Mid 1980s, moved to new job, new state, good insurance, found new endo. New technology!! BG testing !!! But still considered as info for dr to use to change dose, as I was started on NPH and Reg, and “fixed” dose for “x” food exchanges. Dr reviewed logs and instructed dose adjustments. These were the doctor knows best days, do as told. BG meters available, with manually logging and review at next appt. High tech??? No.

1990s I started hearing about pump, and attended T1D support groups (in person). Huge turning point. Soon I was starting pump (Reg), and taught carb counting. Paying more attention to carbs and after meal BGs. Guess what, they are related ! So did technology drive this recognition? Why did they only teach carb counting, when starting pump ? Duh???

When Medtronic CGMS came out, I learned about it from a co-worker, with T1D son. My theory is that the oldies were not introduced to new stuff as quickly as new patients were. I had to learn it from the support groups.

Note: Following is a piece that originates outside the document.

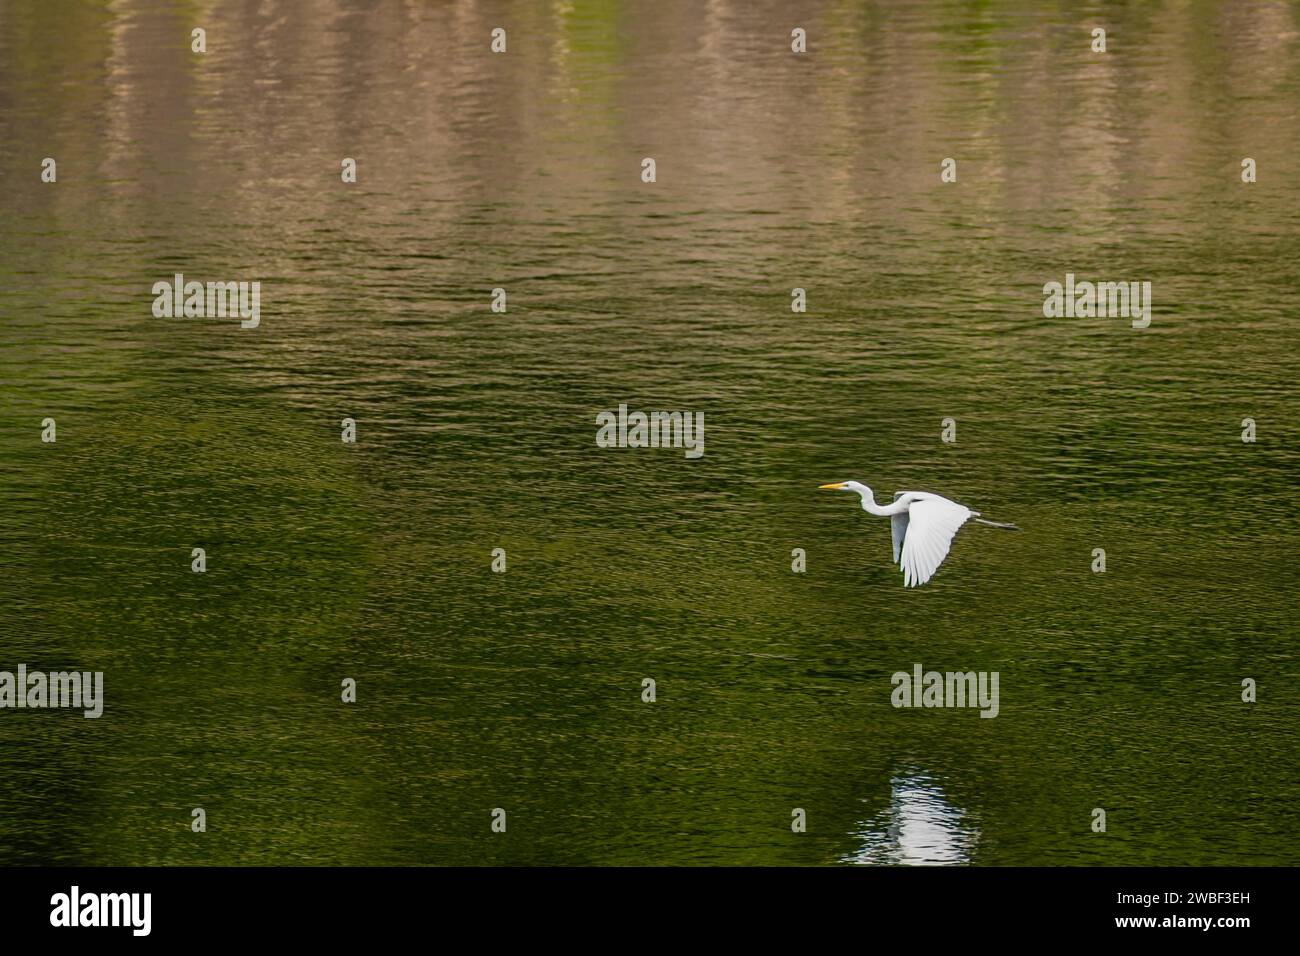 Weißer Reiher, der über den Fluss fliegt, mit grünem Farbstich, der durch Bäume am Ufer verursacht wird Stockfoto
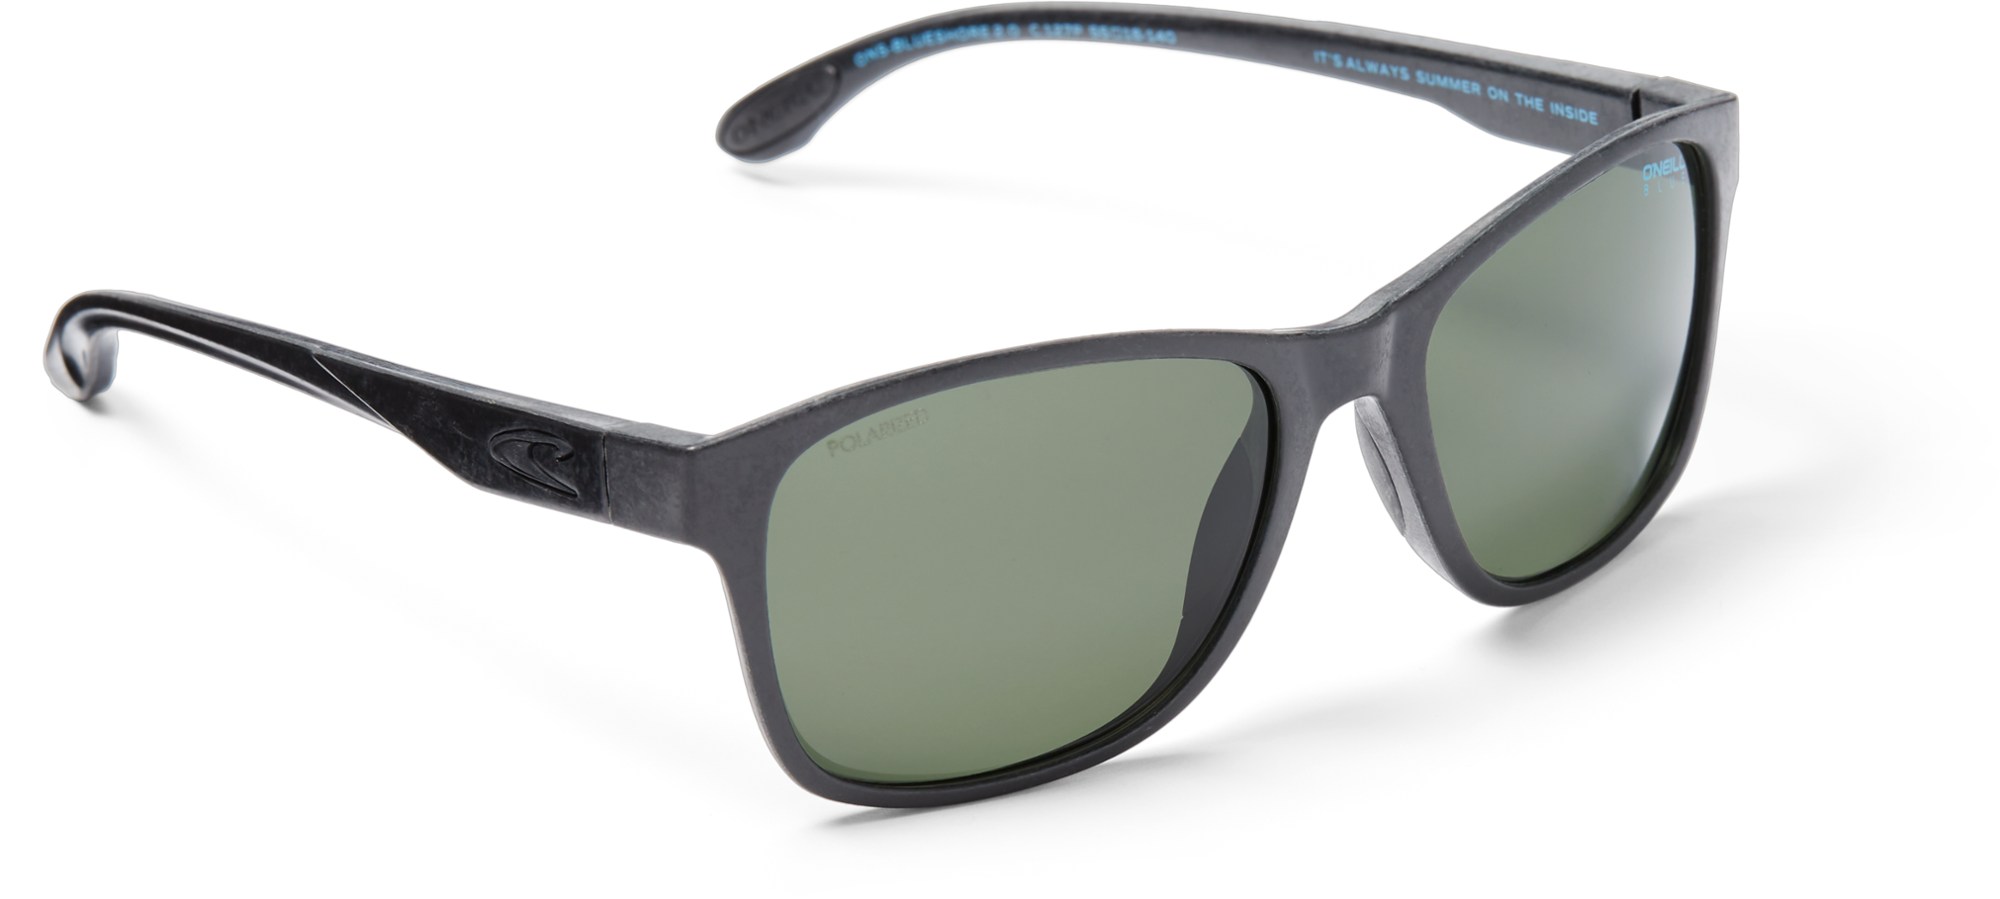 цена Поляризованные солнцезащитные очки Blueshore O'NEILL Sunglasses, черный

So… long answer to your question…
For me, use of technology probably saved my eyesight, enabled me to continue working, including hectic stressful schedules, travel, and reduce my A1C to halt progression of complications. But it was later than it could have been.

I feel completely let down by the system that engaged new patients with newer treatments, as though it was too late to help me. Since my use of technology, it is 200% improvement.


Yes yes yes.

Pediatric patients get best education and treatment options laid out here locally still. Adults and new adult T1’s don’t get same level of care in the various offices I’ve been to. I’m still one of the only patients at my endo office using a CGM. And I was the one who asked for it, obviously. Thank goodness for SixUntilMe or I never would have known.